In histopathological specimens, in all but four of the cases using Kelly punch punctoplasty, there is no sign for muscle, while in snip punctoplasty, muscle fibres were found in the specimen in 32.9% [18]. Intact Riolan muscle enables the punctum to stay in the right circular shape and position, therefore keeping the lacrimal pump intact.

Literature review shows superior success rates with Kelly punch punctoplasty. Wong et al. reported 94% of anatomical success and 92% functional success [13]. Vahdani et al. reported about 95% of anatomical success and 90% functional success [16]. In our series, 92% of the patients did not develop restenosis, therefor did not need surgery. This series is the third series to support the superiority of Kelly punch punctoplasty as a primary tool for the treatment of punctual stenosis.

In our institution, before using the Kelly punch, we dilated the puncta by a dilator, and then inserted a mini-monoka stent. When shifting to the Kelly method, the rationale was that the stent might be even more important since we are not only dilating an existing opening, but we are dilating by removing tissue, leaving the tissue to heal by scarring. Doing so, we believed that keeping the opening by stenting with mini-monoka would prevent it from adhering in the wrong fashion. However, mini-monoka stenting might not be required.

The drawbacks of this study are its retrospective nature and the absence of a control group. Furthermore, larger, controlled and prospective studies should be done in order to examine this technique. We did not characterize the morphology of the punctum since the specimens removed from the punctum were not the sphincter at whole. Further studies regarding the morphology of the punctum and the role of Riolan muscle in pumping mechanism should be performed. Also, we did not evaluate the procedure with and without mini-monoka placement; further studies should evaluate the benefit of using mini-monoka as part of this procedure.

In conclusion, Kelly punch punctoplasty is a simple and minimally invasive procedure with high functional success rate. It is a controlled procedure with a lower chance of damage to the canaliculus and the muscular structure. We believe that Kelly punch punctoplasty with mini-monoka placement is the best surgical procedure to treat isolated punctual stenosis.

Summary

What was known before

  • Punctal stenosis is a common reason for epiphora—in 2011, Carrim et al. suggested to use Kelly Descemet’s membrane punch for punctoplasty, and since then this procedure became more popular.

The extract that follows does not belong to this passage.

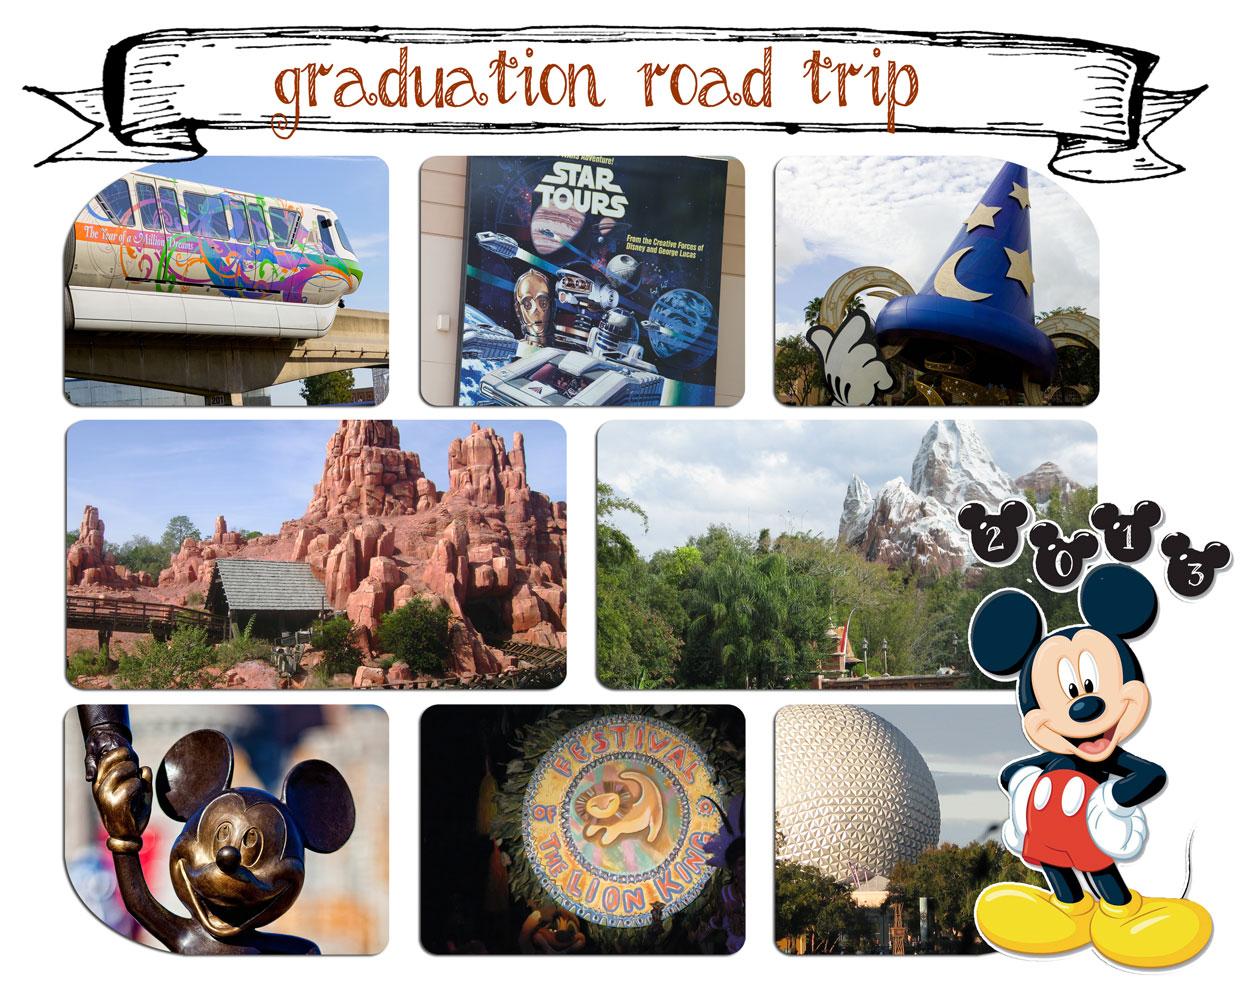 Disney Graduation Trip
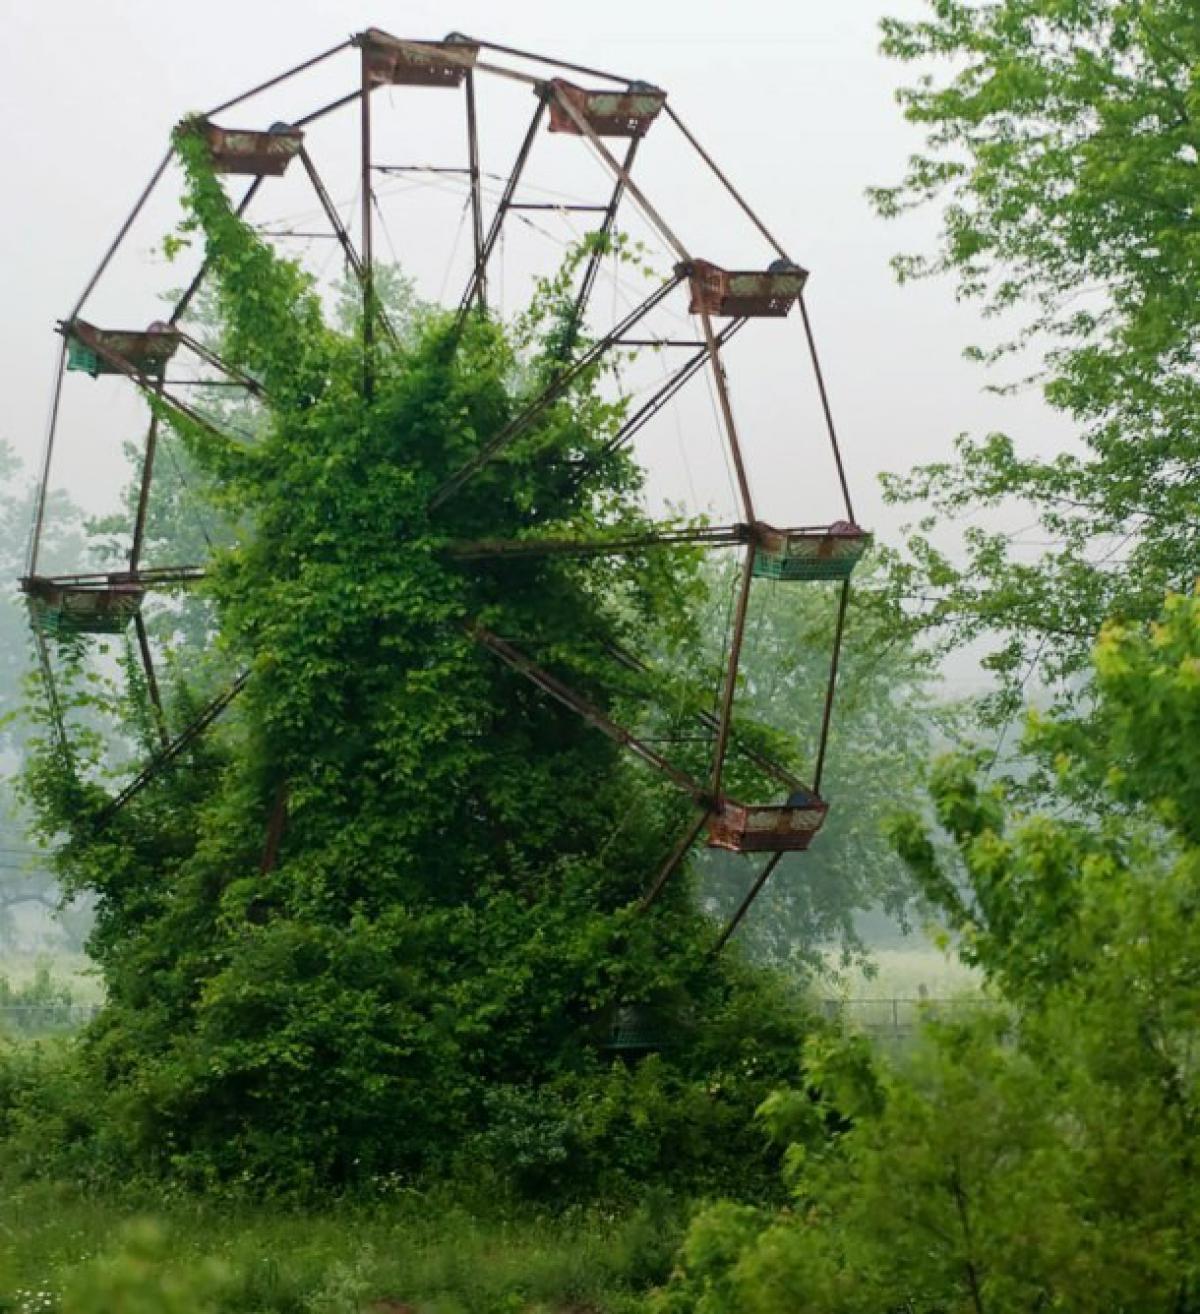 designbump-com-nature-reclaiming-abandoned-places-

  • It is not clear what tissue is severed in snip punctoplasty since no tissue is retrieved for biopsy.

What this study adds

  • Kelly punch punctoplasty is a simple and minimally invasive procedure with high functional success rate.

  • It is a controlled procedure with a lower chance of damage to the canaliculus and the muscular structure.

  • We believe that Kelly punch punctoplasty with mini-monoka placement is the best surgical procedure to treat isolated punctual stenosis.